It’s hardly news that the military succumbed along with everyone else.

It shouldn’t even cause much of a blink that this came from another woman.

Col. Lynette Arnhart, deputy director of the Army’s Training and Doctrine Command Analysis Center at Fort Leavenworth, wrote it.

After all, the best way to keep the whole gender subservient to stereotypes is to get other women to buy into the crazy. (Works this way for men, too, lest we forget that outsized he-man masculinity stereotypes can be equally harmful.)

Here is what really galls: Arnhart is in charge of a study to figure out how to integrate more women into Army combat jobs.

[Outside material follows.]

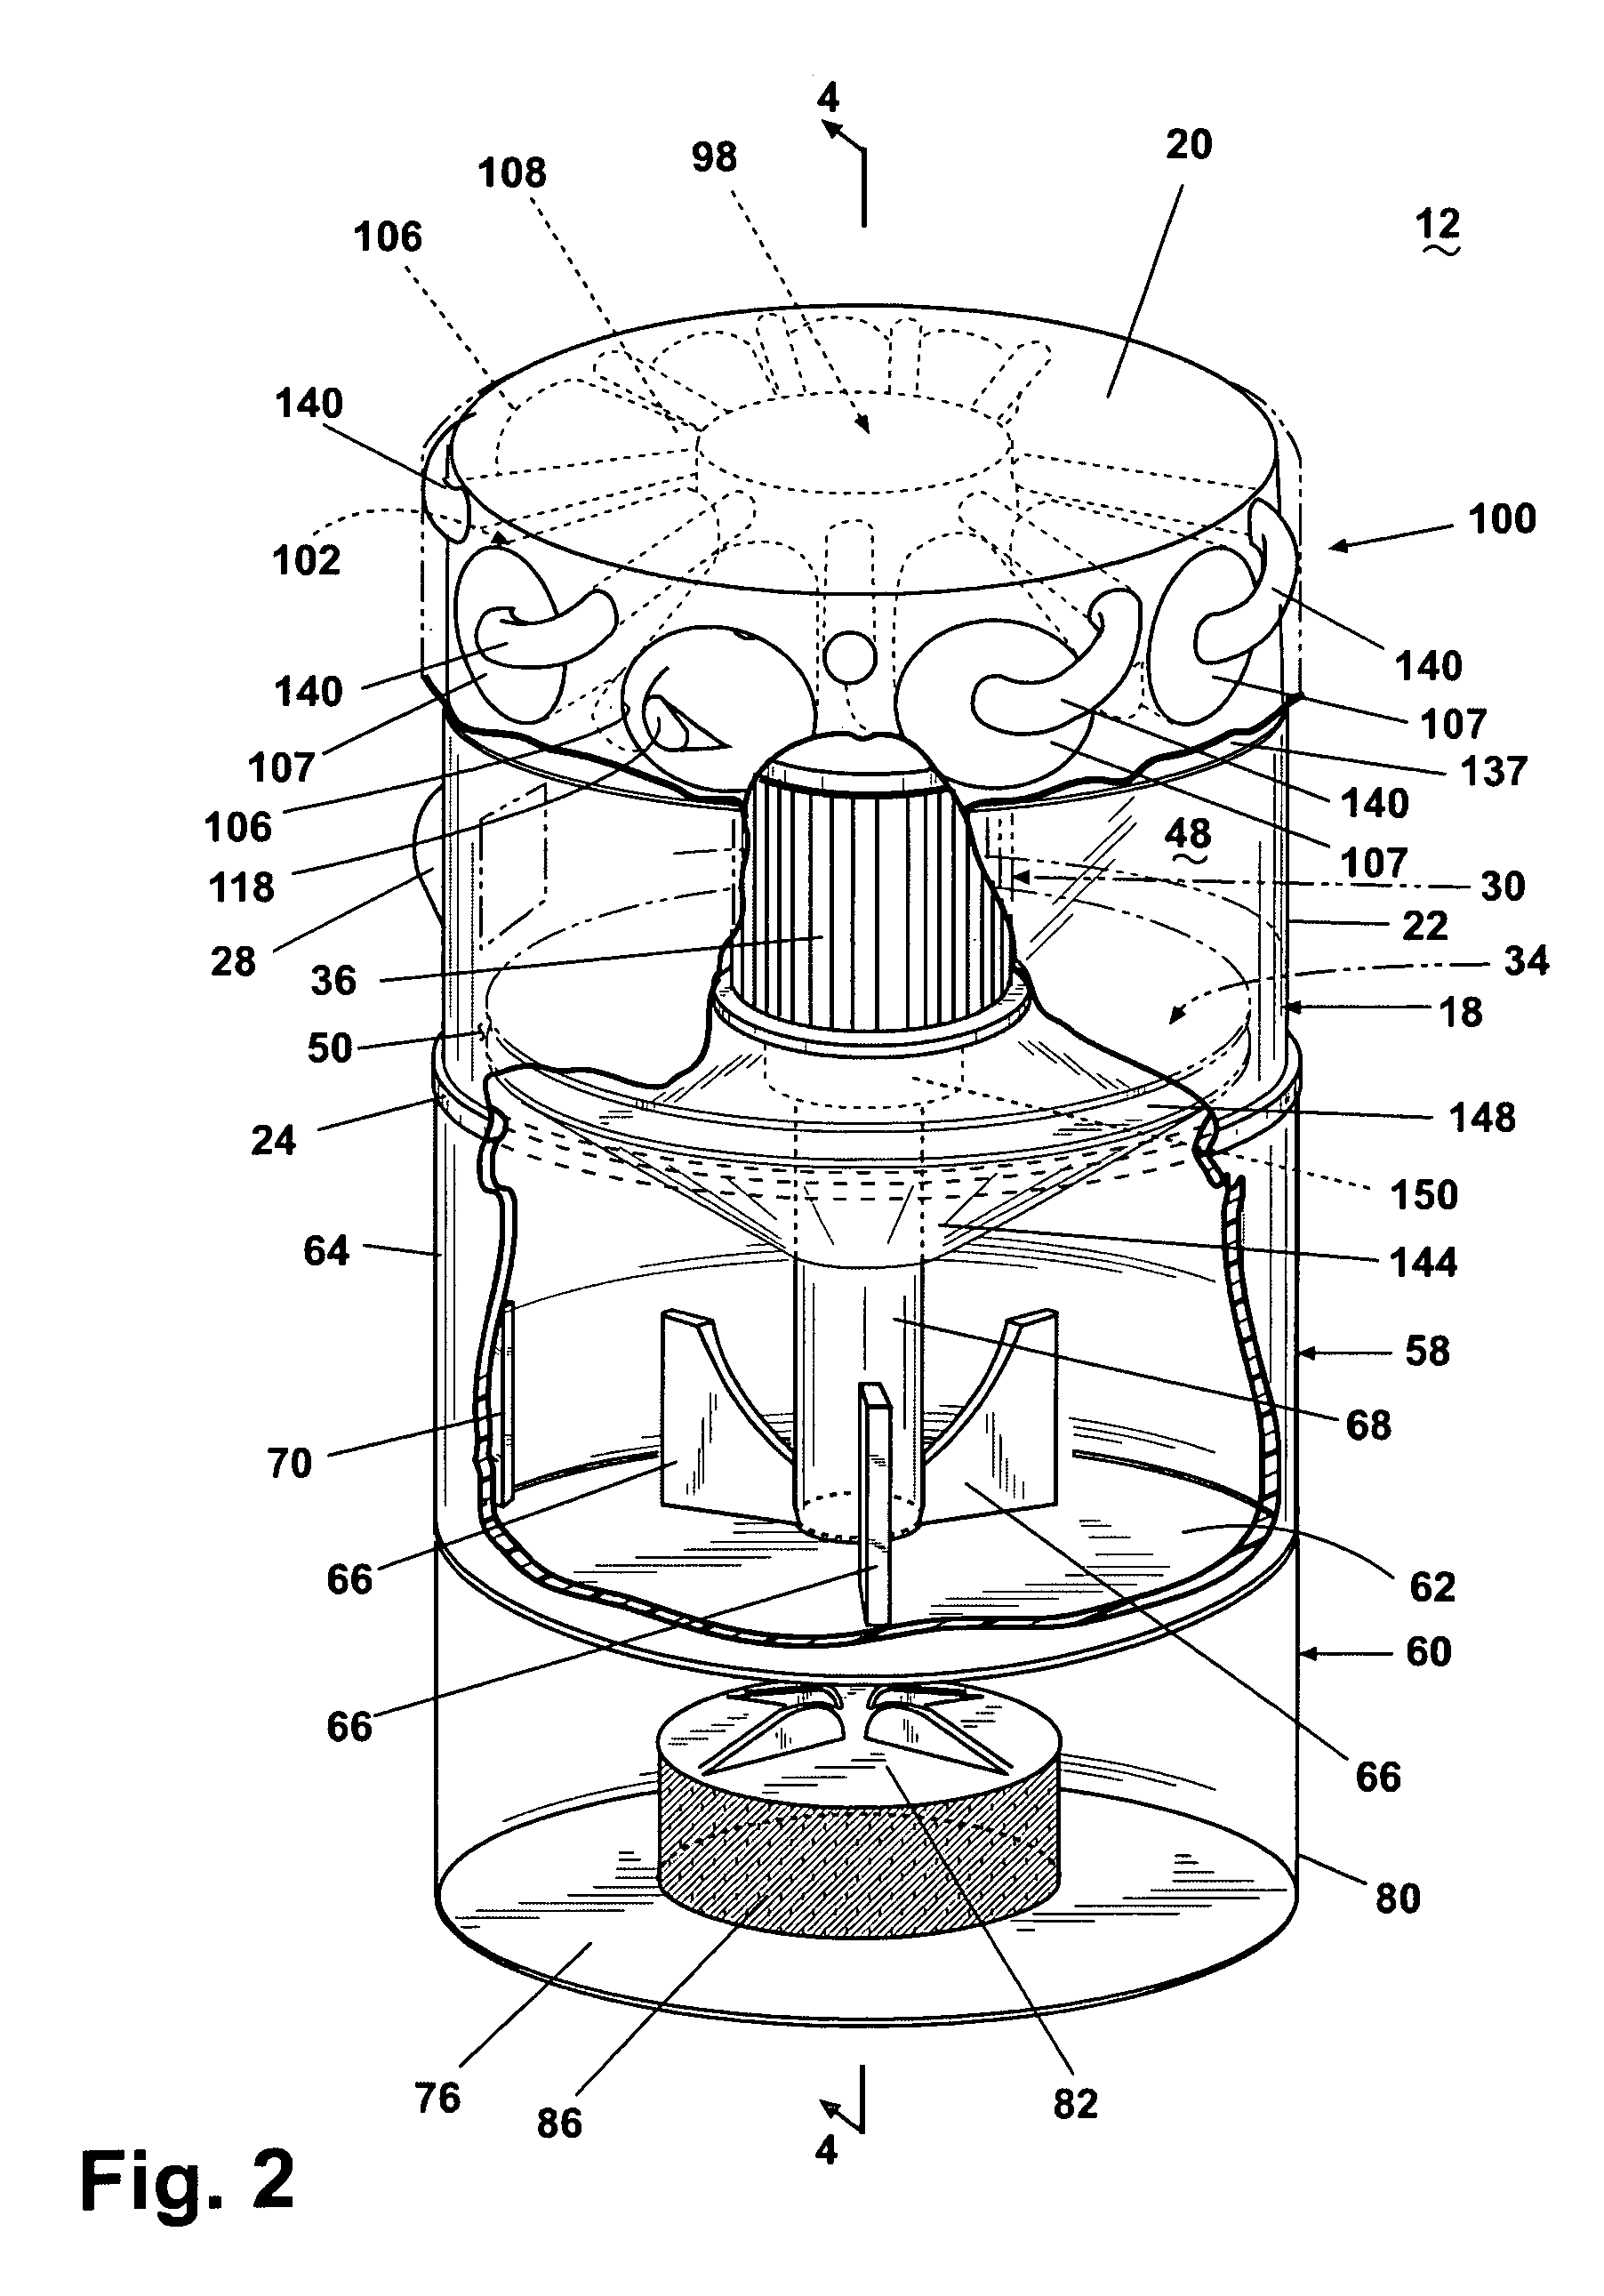 Vacuum cleaner with multiple cyclonic dirt separators and bottom discharge dirt cup

She’s the go-to person for the Army on this task. And it’s an important one, because one way people move up to higher rank and pay is through some of the combat roles that have been previously closed to women.

Let there be no mistake on why this initiative will be difficult. If higher-ups didn’t have the sense to appoint someone a bit more open-minded to the job, they’ve set the campaign up for failure.

Arnhart was moved to pen her opinion in response to a photo of a female soldier that appeared in the November issue of Army Magazine. She thought Cpl. Kristine Tejada was too pretty to be an effective ad. As if it’s inconceivable that a soldier could be attractive by societal standards and also highly qualified and brave.

But even worse, the thinking is counterintuitive to the goal.

If the Army wants to attract more women, open up the imagery, go outside of easy stereotypes. Don’t argue to hold to one type.

That’s about as backward as thinking that only one gender need apply.